Lecture 7e: Long-term Short-term-memory

This video is about a solution to the vanishing or exploding gradient problem. Make sure that you understand that problem first, because otherwise this video won’t make much sense.

The material in this video is quite advanced.

In the diagram of the memory cell, there’s a somewhat new type of connection: a multiplicative connection.
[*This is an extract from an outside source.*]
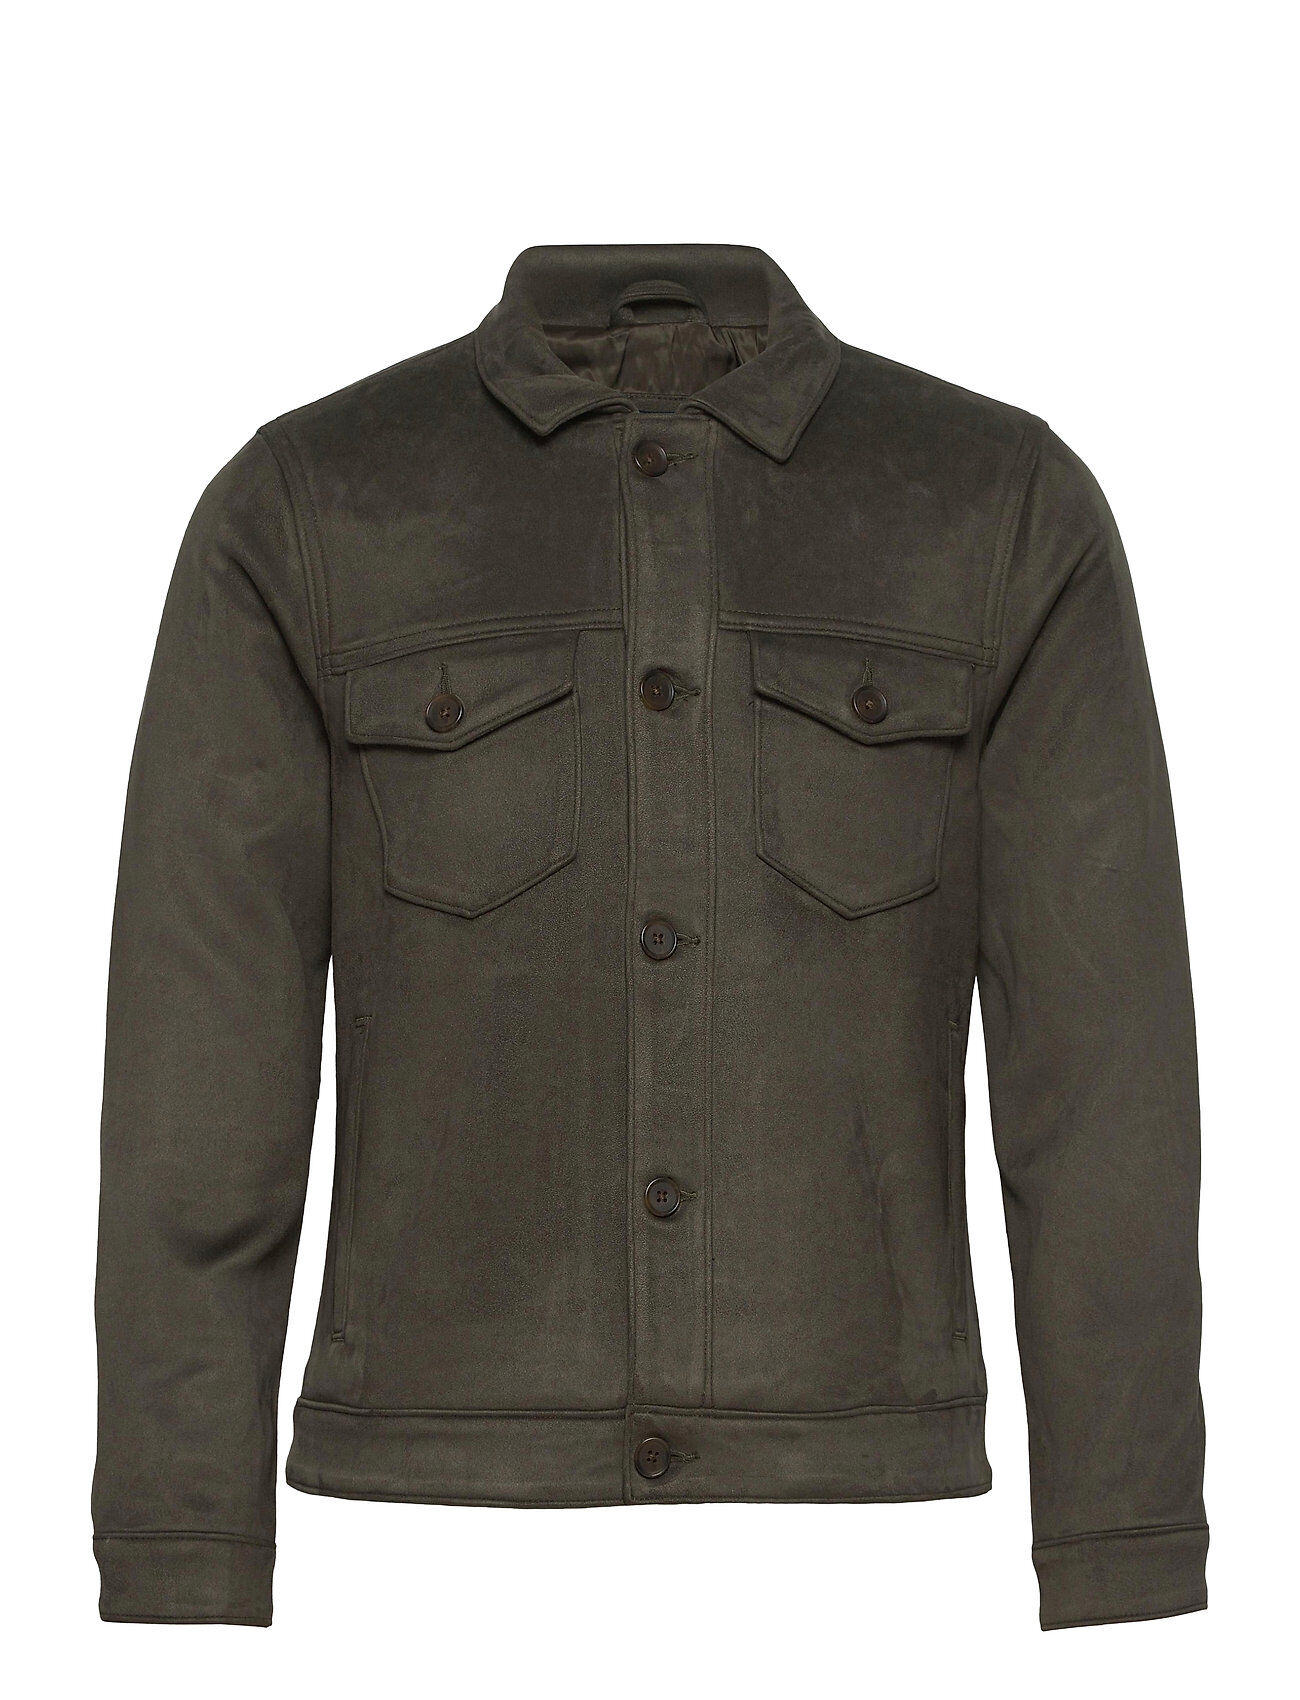 Abercrombie & Fitch Anf Mens Outerwear Dongerijakke Denimjakke Grønn Abercrombie & Fitch

It’s shown as a triangle.

It can be thought of as a connection of which the strength is not a learned parameter, but is instead determined by the rest of the neural network, and is therefore probably different for different training cases.

This is the interpretation that Mr Hinton uses when he explains backpropagation through time through such a memory cell.
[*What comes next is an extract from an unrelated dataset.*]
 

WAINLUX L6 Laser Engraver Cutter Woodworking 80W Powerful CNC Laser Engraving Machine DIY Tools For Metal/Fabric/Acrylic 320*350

That triangle can, alternatively, be thought of as a multiplicative unit: it receives input from two different places, it multiplies those two numbers, and it sends the product somewhere else as its output.

Which two of the three lines indicate input and which one indicates output is not shown in the diagram, but is explained.

In Geoffrey’s explanation of row 4 of the video, “the most active character” means the character that the net, at this time, consider most likely to be the next character in the character string, based on what the pen is doing.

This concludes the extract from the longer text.